### EXERCISE INSTRUCTIONS
Under this line is a listing; return exactly the lines starting at the one with "Ferdinand LEVILLAIN (1837-1905), 'Amphorenvase'" and running down to the one with "绿意盎然 餐饮巨头Shake Shack纽约总部设计欣赏", and leave out its pictures.

── AVAILABLE RECORDS

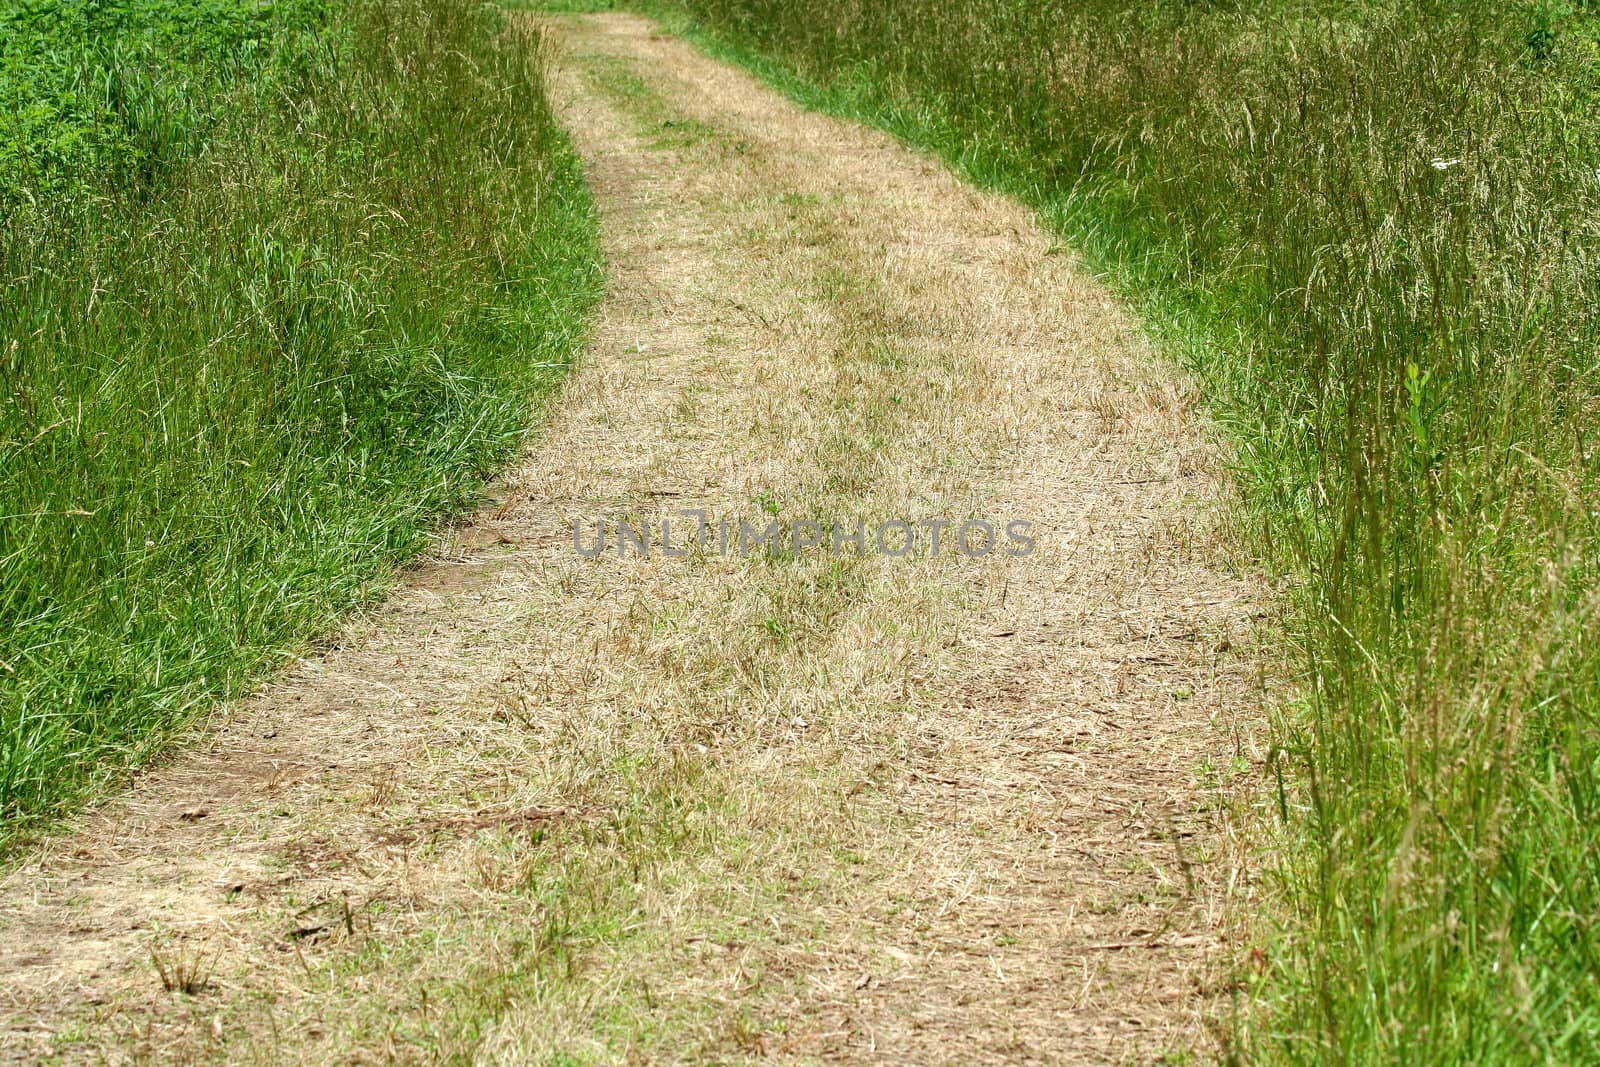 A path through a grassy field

────
── AVAILABLE RECORDS

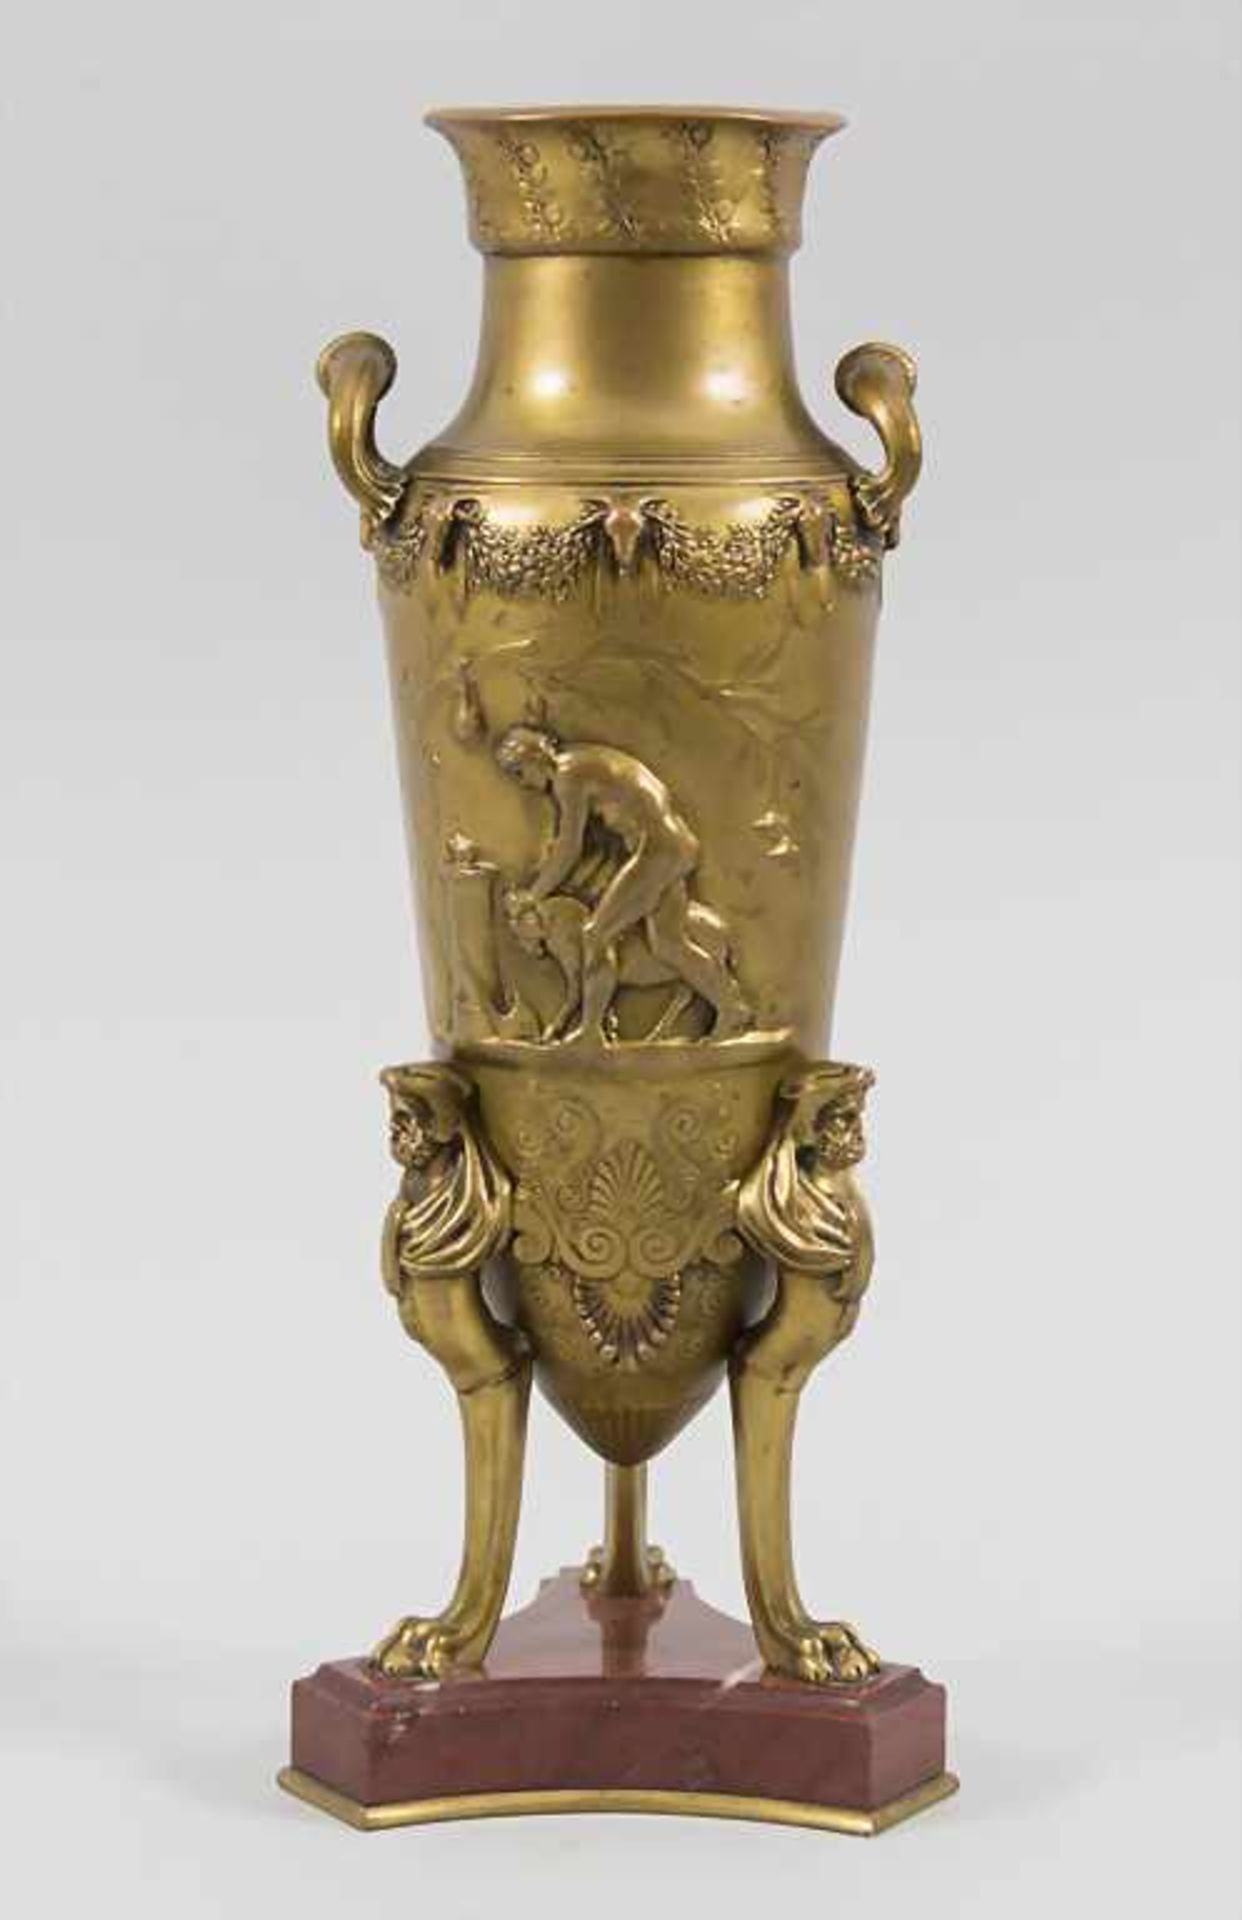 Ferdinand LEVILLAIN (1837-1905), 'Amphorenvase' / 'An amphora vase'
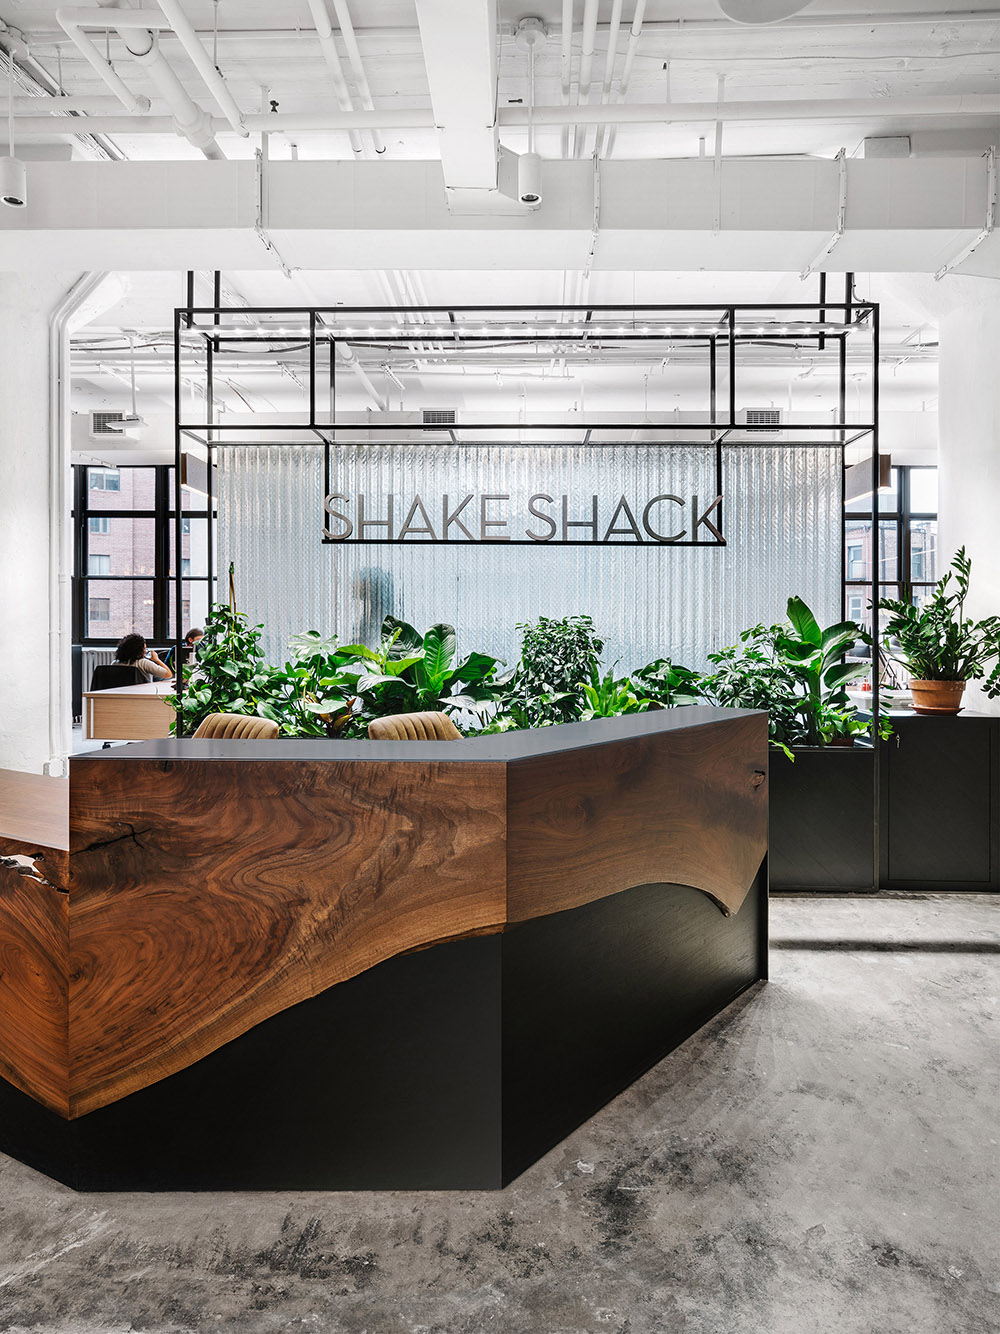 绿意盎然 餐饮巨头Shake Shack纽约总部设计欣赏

────

### OUTPUT BELOW
 Ferdinand LEVILLAIN (1837-1905), 'Amphorenvase' / 'An amphora vase'
 绿意盎然 餐饮巨头Shake Shack纽约总部设计欣赏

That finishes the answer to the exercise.